→ REQUIRED ACTION
Images aside, the whole listing should be written out word for word.

→ DATA PROVIDED
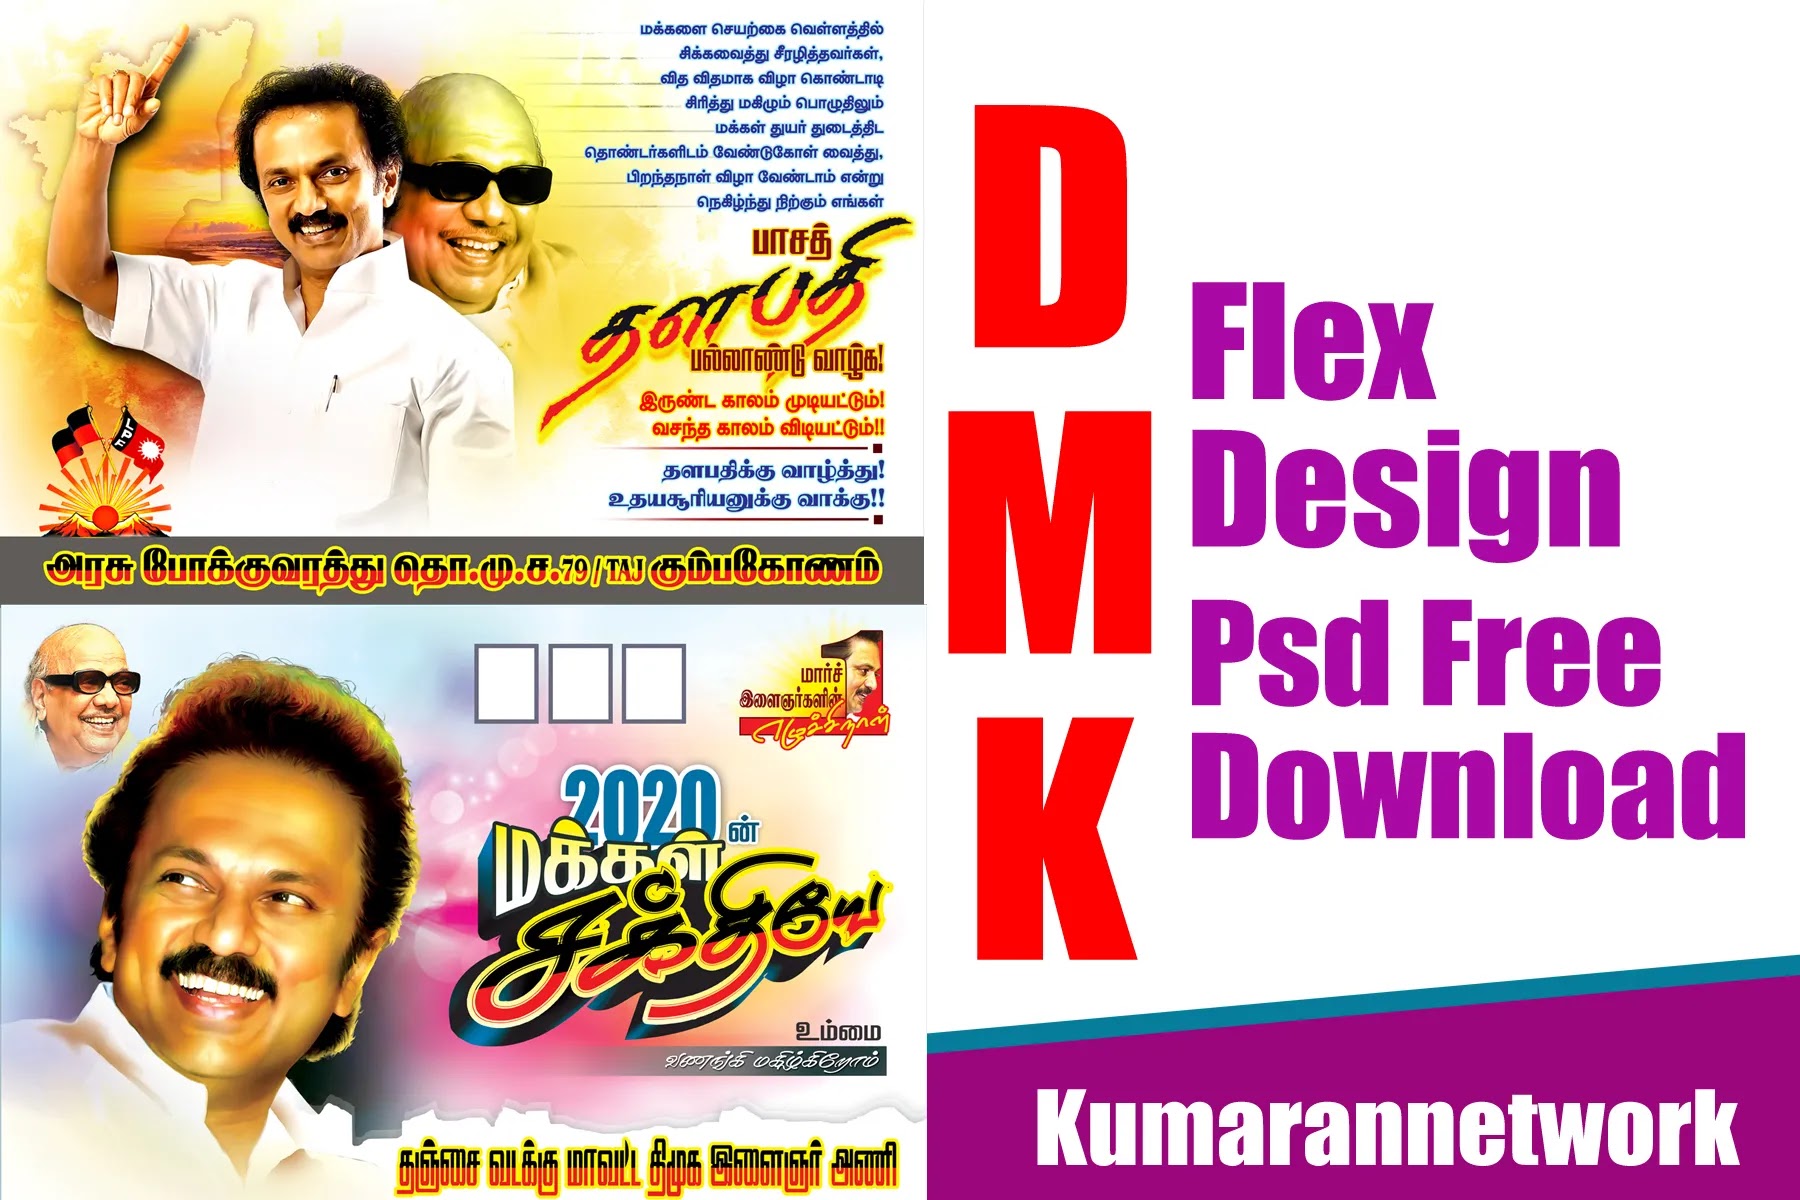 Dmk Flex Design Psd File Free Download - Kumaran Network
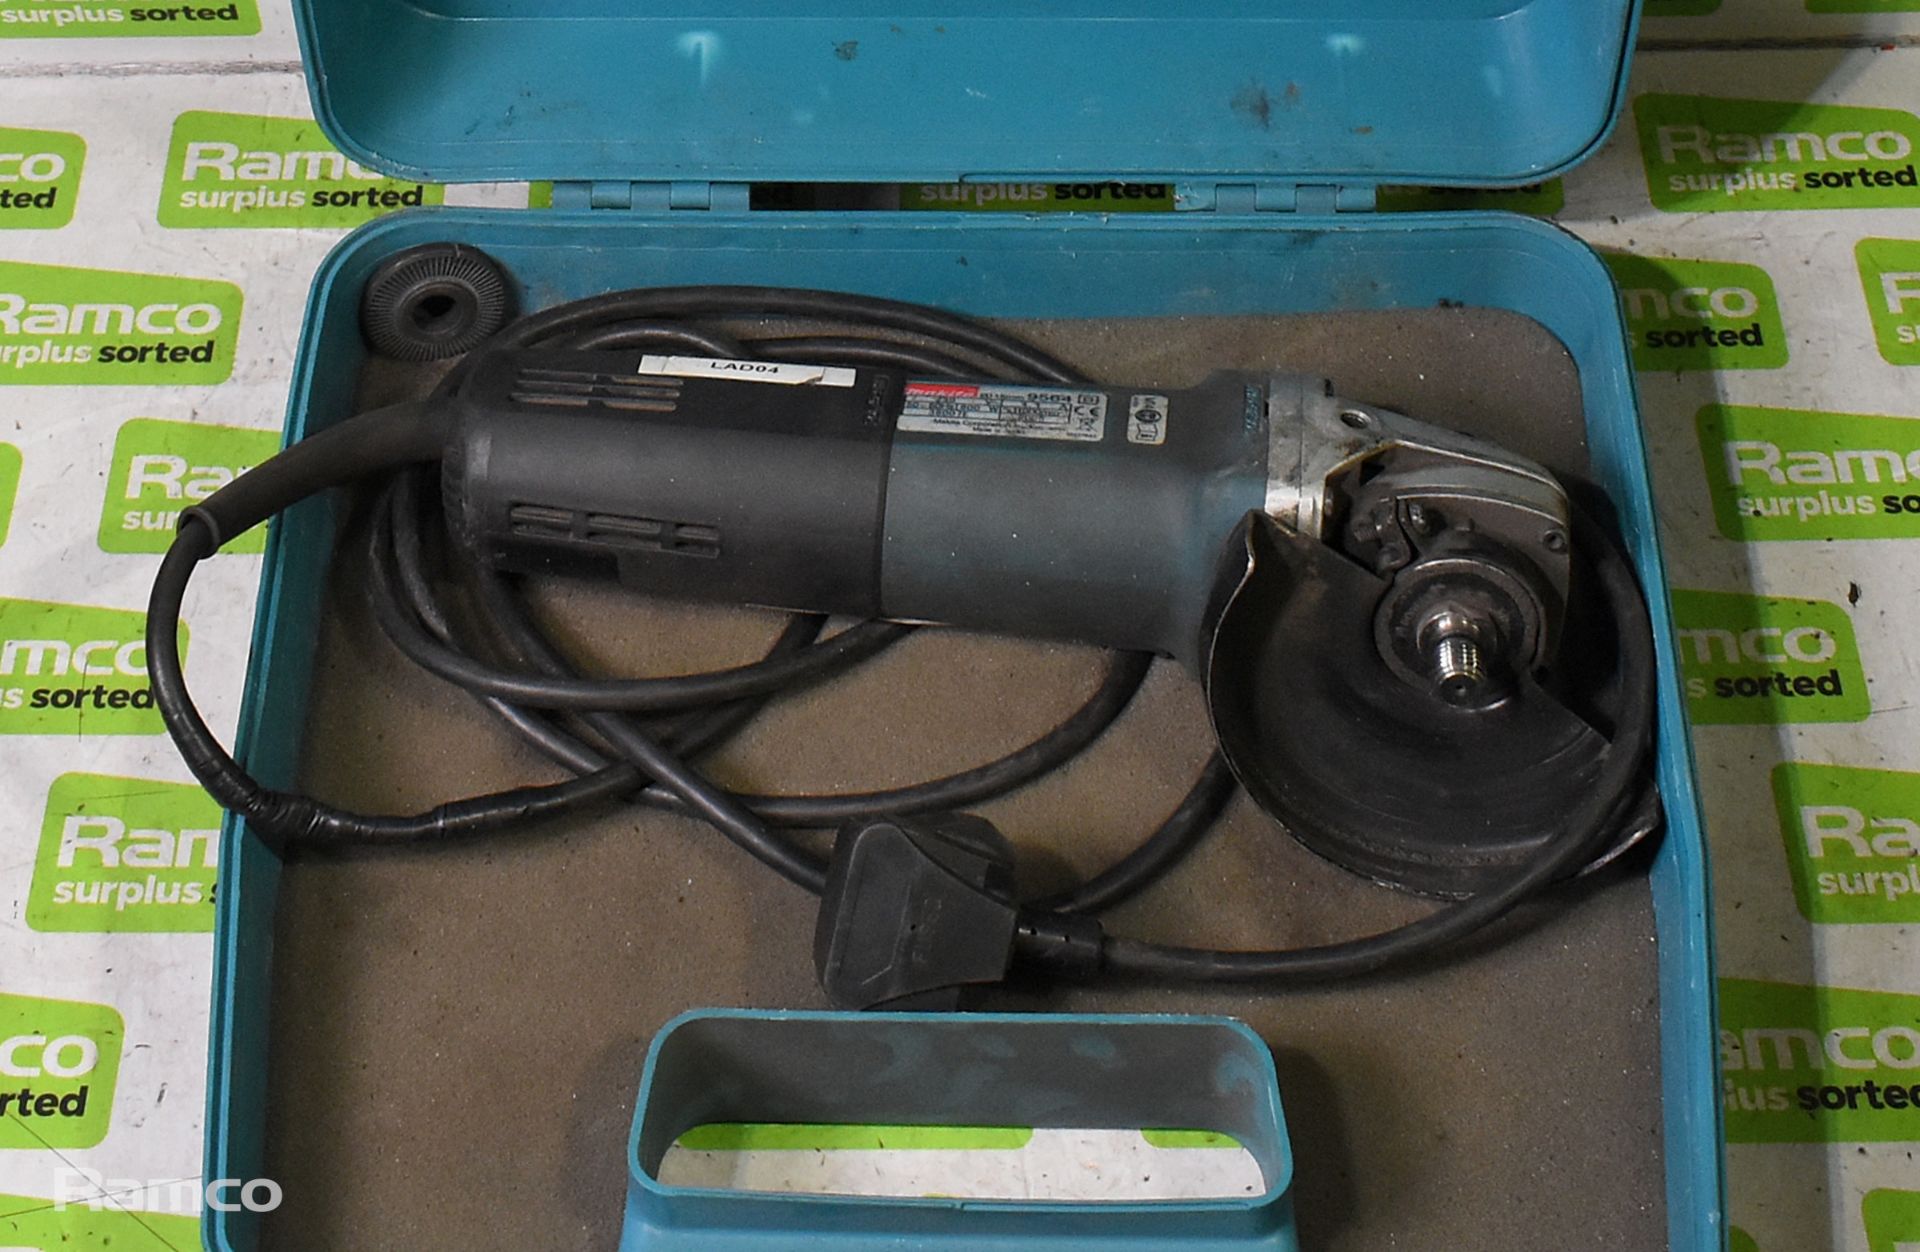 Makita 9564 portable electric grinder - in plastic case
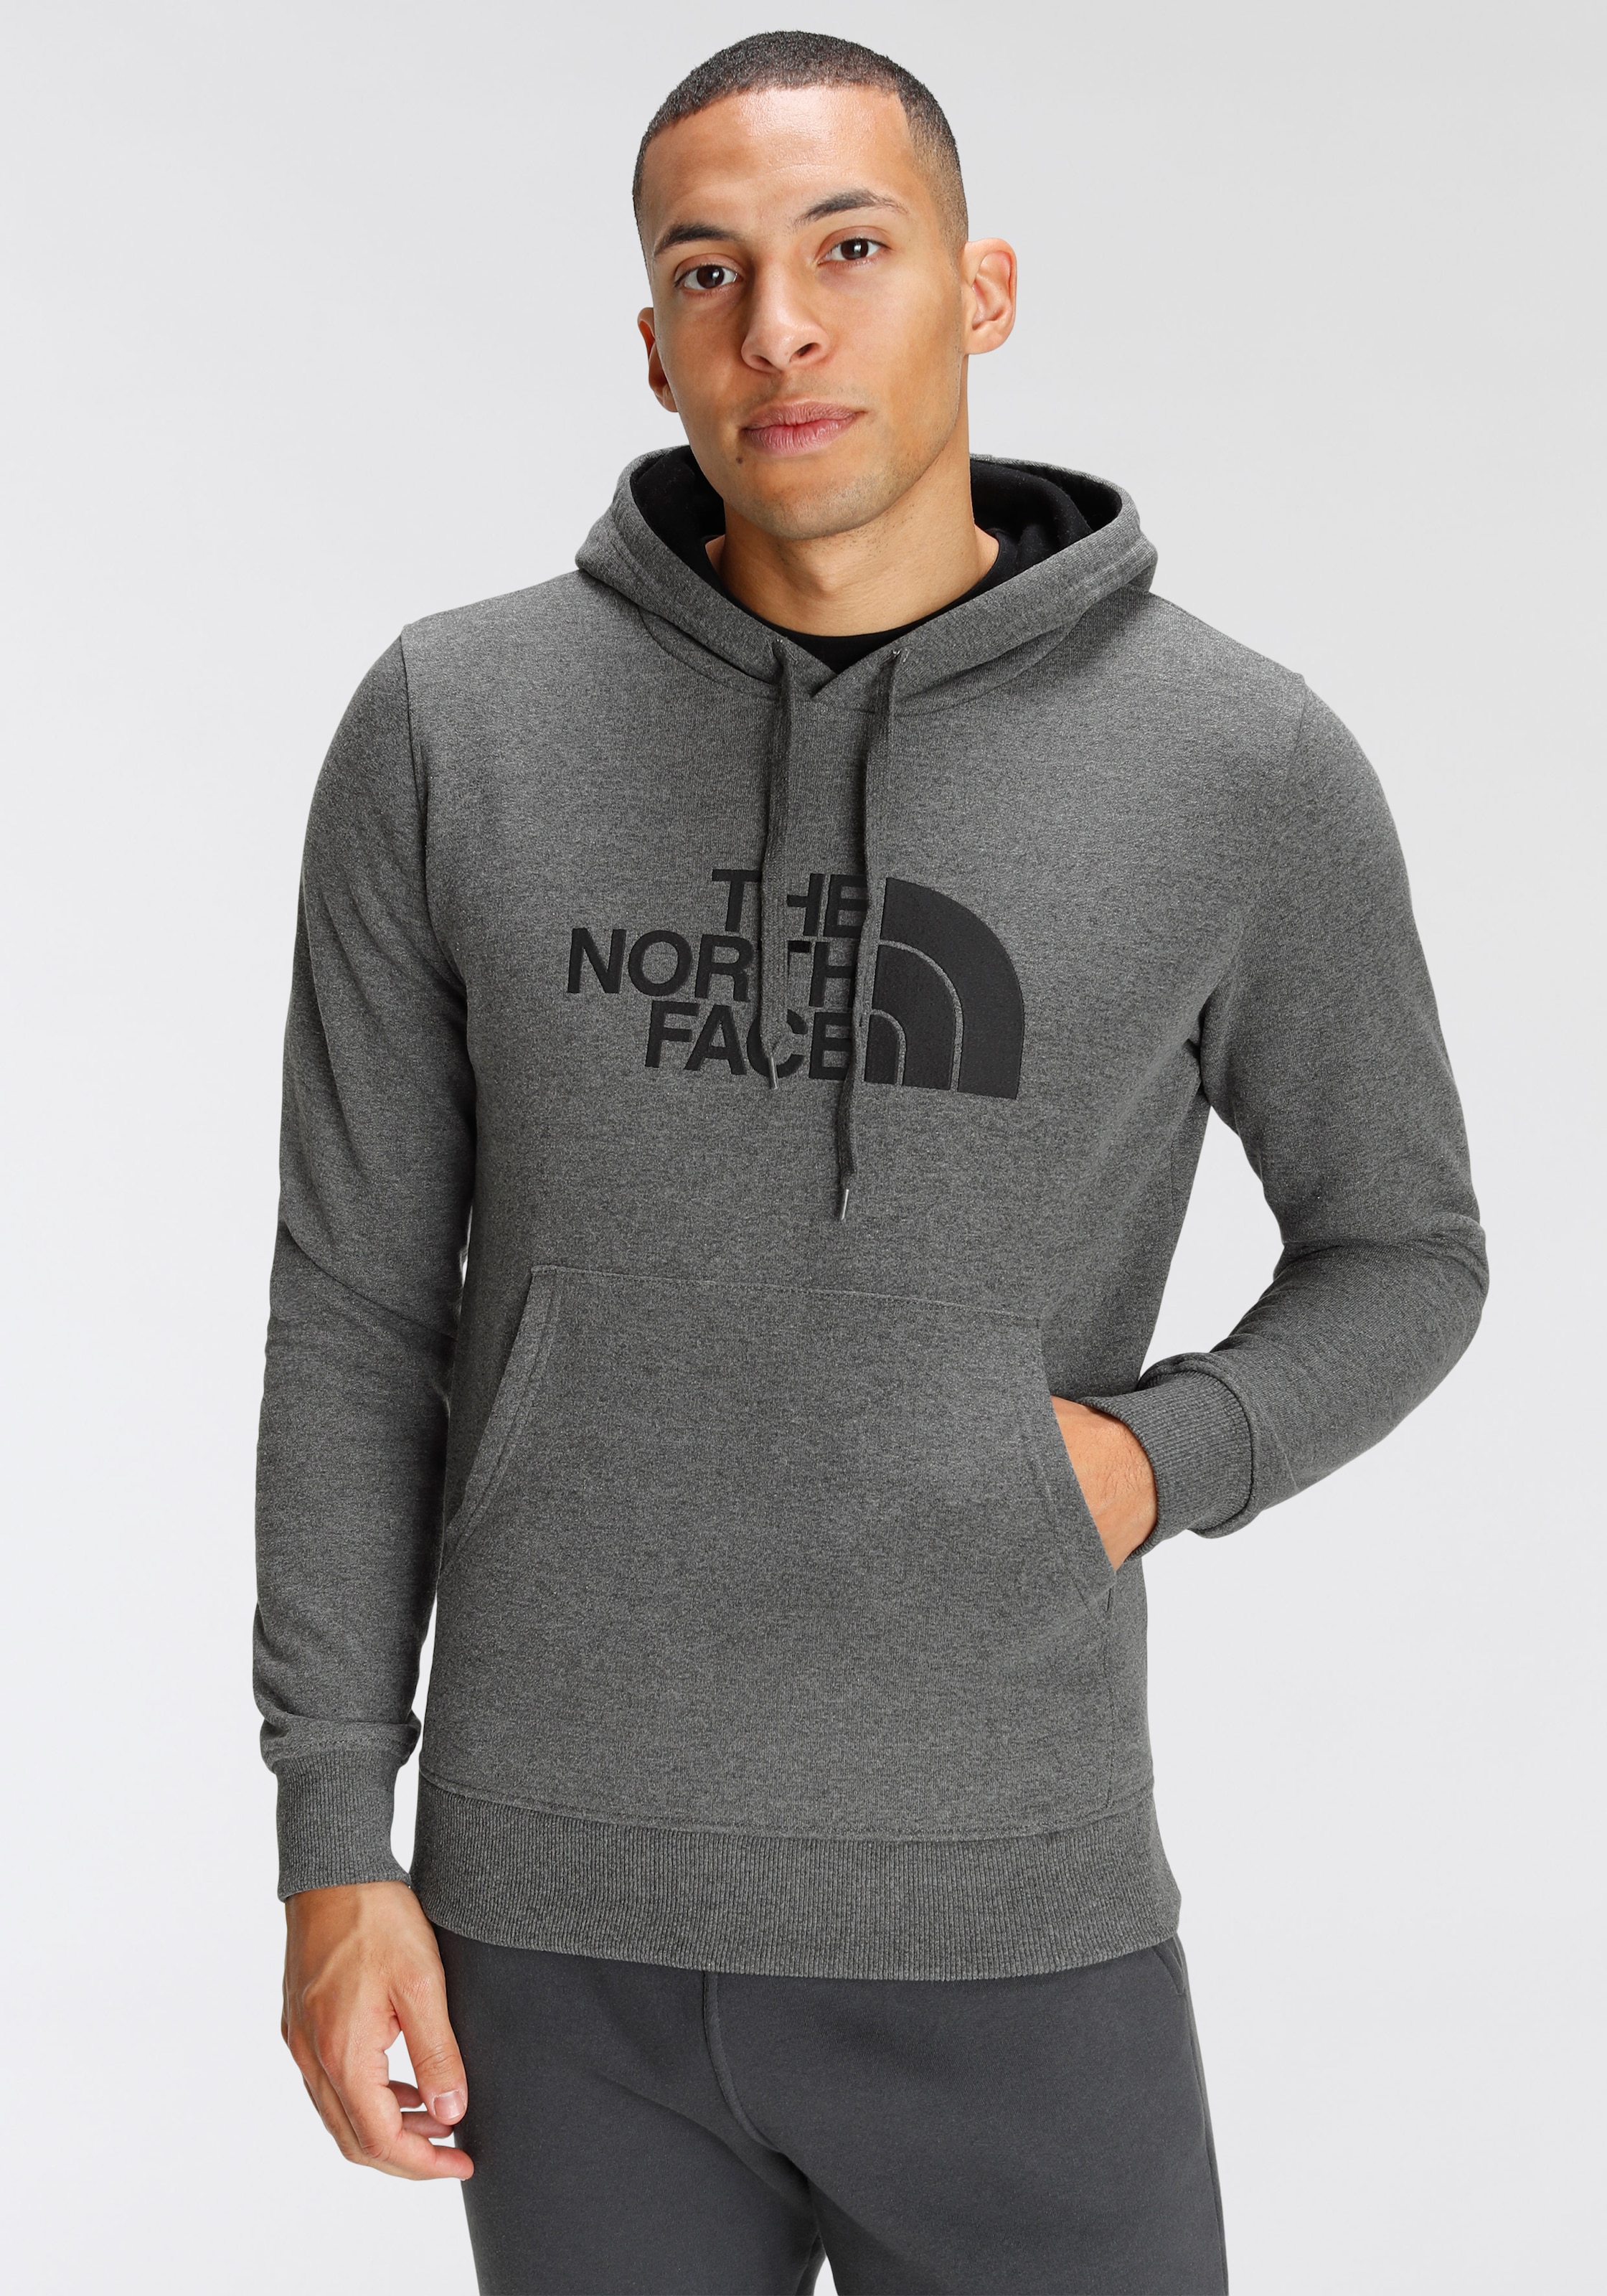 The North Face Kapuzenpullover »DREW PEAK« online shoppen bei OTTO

→ ANSWER SECTION
 Dmk Flex Design Psd File Free Download - Kumaran Network
 Makita 9564 portable electric grinder - in plastic case
 The North Face Kapuzenpullover »DREW PEAK« online shoppen bei OTTO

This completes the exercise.